Born to Dies sound, themes and aesthetic left a major impact in popular music. In 2019, The Washington Post named Del Rey one of the "five people who helped shape the culture of the past decade." Max Migowsky from Indie described her as "the figurehead of an entire generation," while Zachary Small from Hyperallergic called Born to Die "ahead of its time." Al Horner from Red Bull agreed, marking Born to Die as "[a] blueprint for a new sonic world" and describing its sound as the feminine equivalent of grunge music.
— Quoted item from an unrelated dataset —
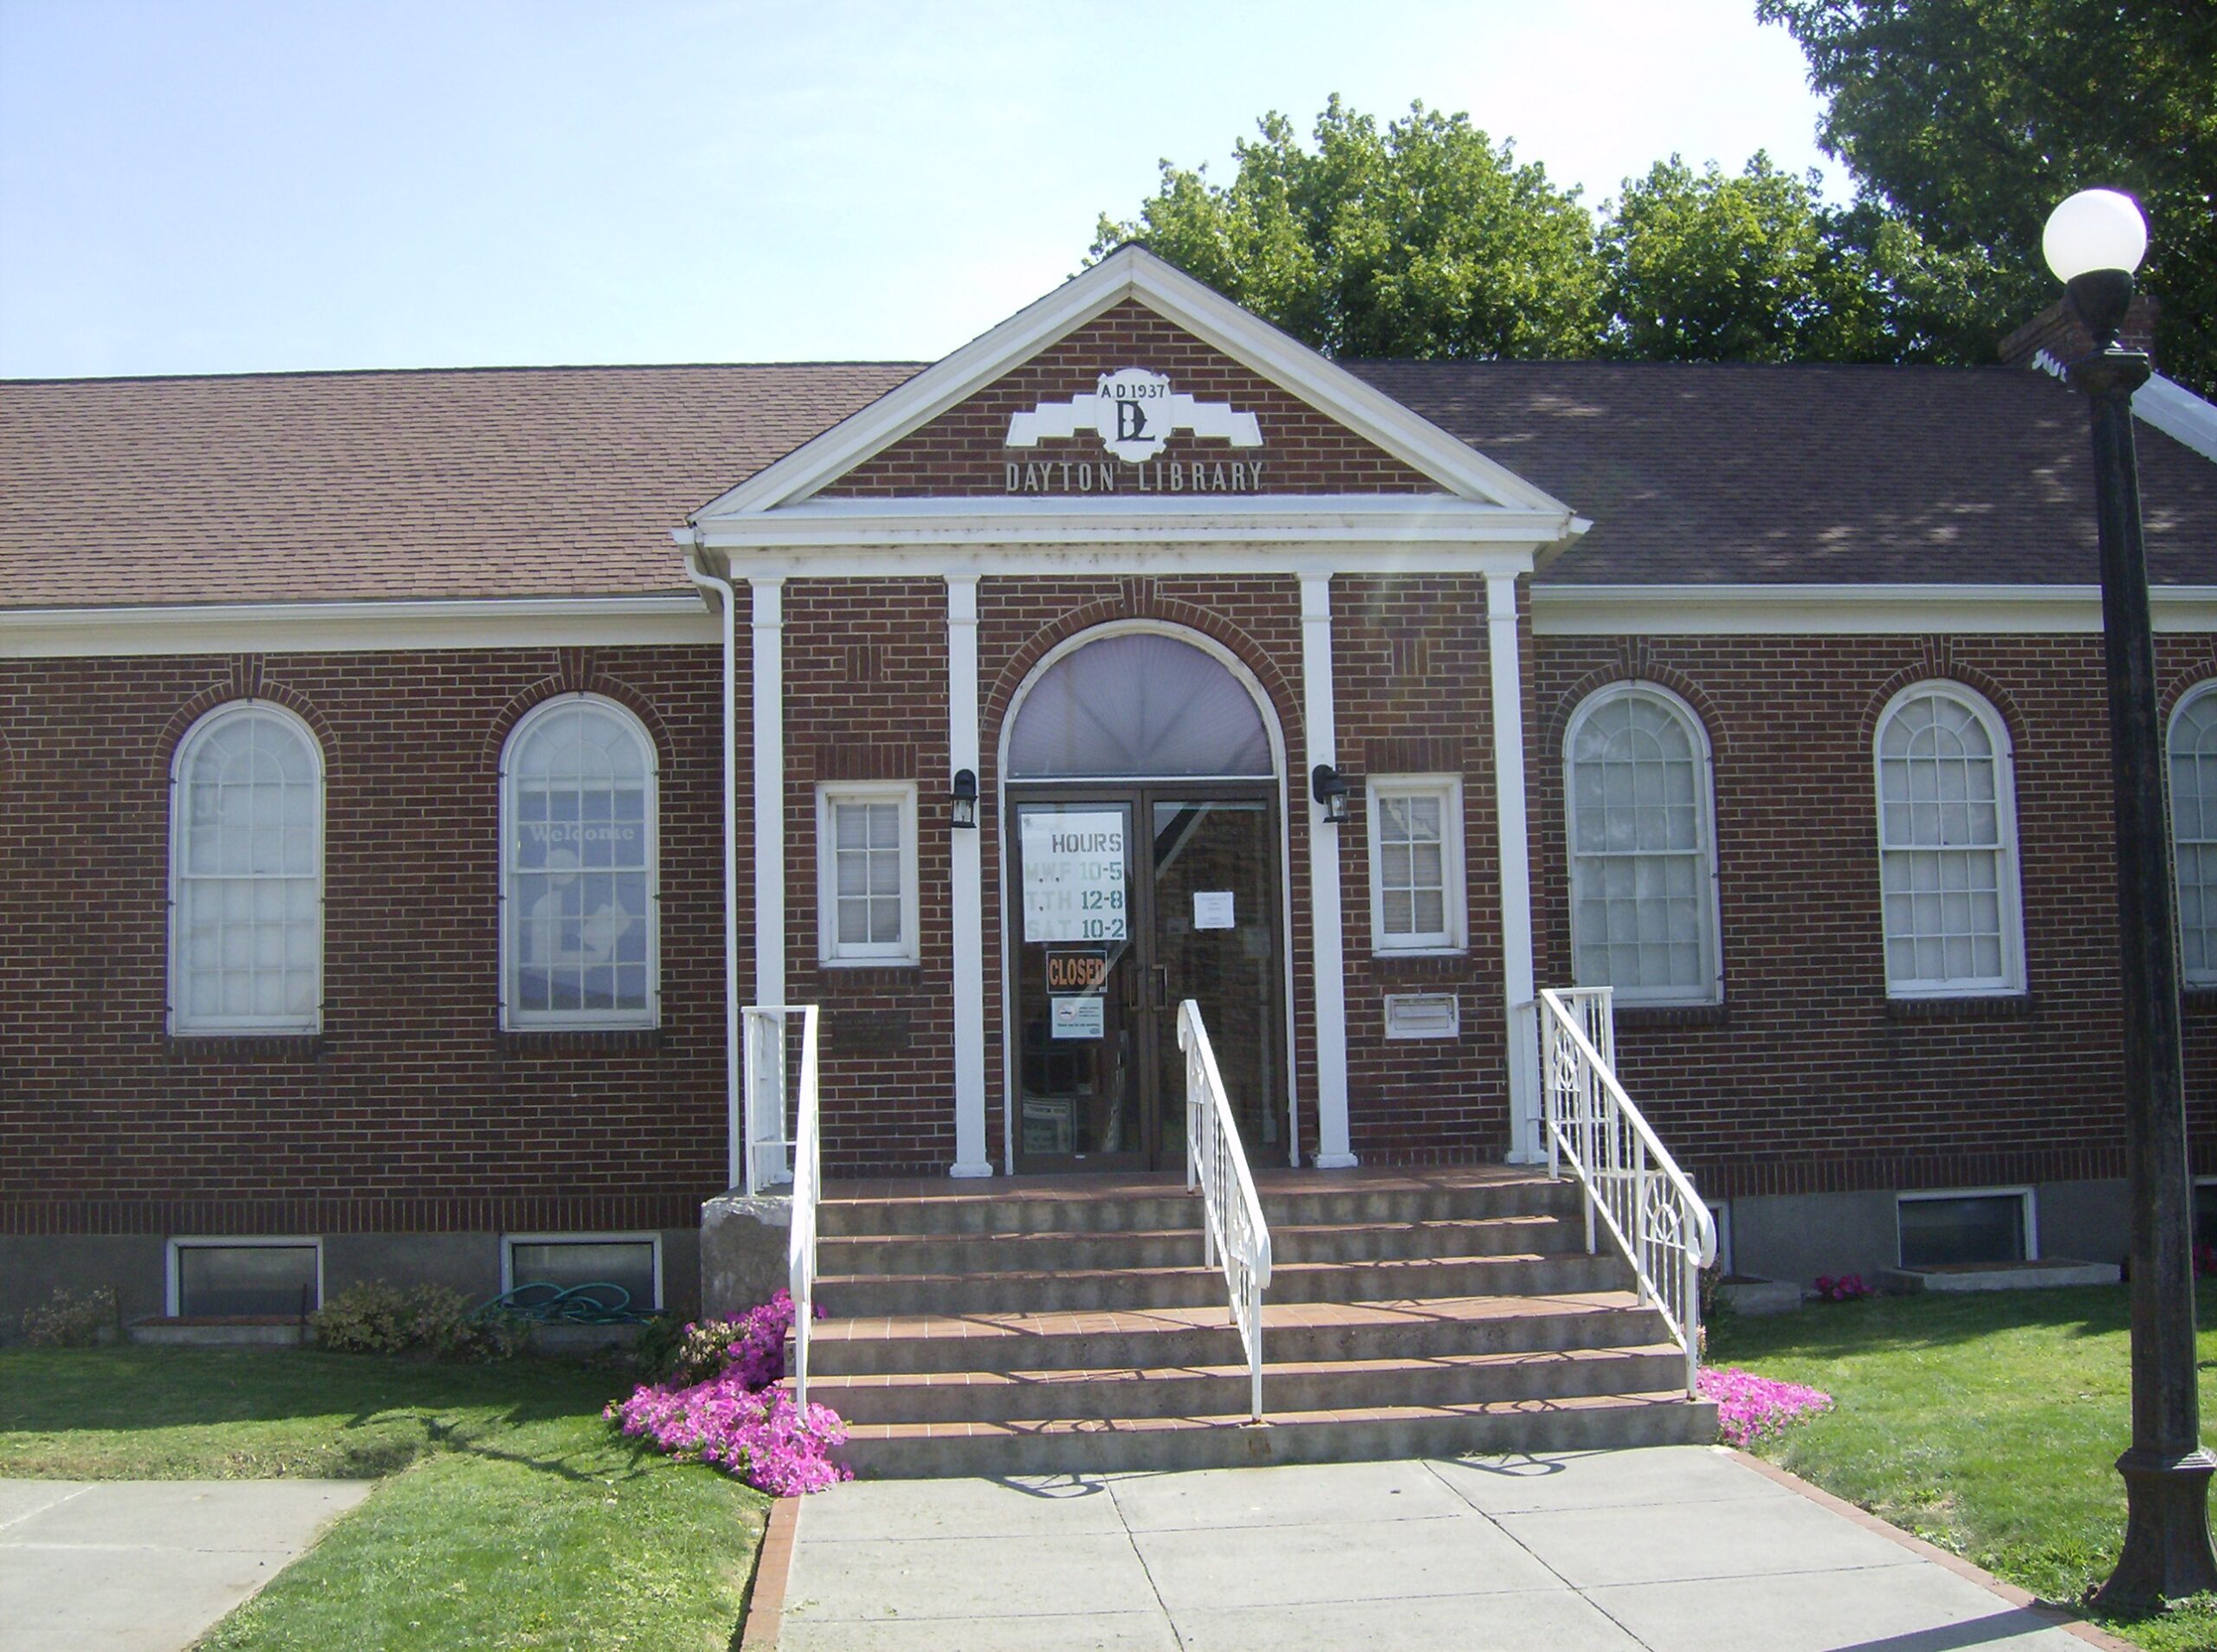 Dayton Memorial Library

He argued that Del Rey's success "convinced record labels to take a chance on [...] emotionally vulnerable pop" and stated that "there's never been more space for melancholy in popular music." Sorrell Forbes from uDiscover Music named Born to Die "the most powerful moment in her career," while arguing that Del Rey brought "the sound [the public was] looking for." Del Rey herself stated in an interview with Pitchfork in 2019 that "there's been a major sonic shift culturally. I think I had a lot to do with that." Omar N. Goulding from Culturizando called Born to Die "the most influential album of the decade," arguing that "people were getting tired of happy music and wanted to listen to something different" and that Del Rey "set the [sad girl] trend into pop culture." Richard S. He, writing for Billboard, said that Born to Die is "one of the main catalysts for pop's mid-2010s shift from brash EDM to a moodier, hip-hop-inflected palette." Billboard later included the album's title track as one of the 100 songs that defined the 2010s, adding that it influenced "a sonic shift that completely changed the pop landscape." Critics and journalists alike agree that Born to Die influenced the works of Lorde, Billie Eilish, Miley Cyrus and Taylor Swift, among others. Swift herself named Del Rey the "most influential artist in pop."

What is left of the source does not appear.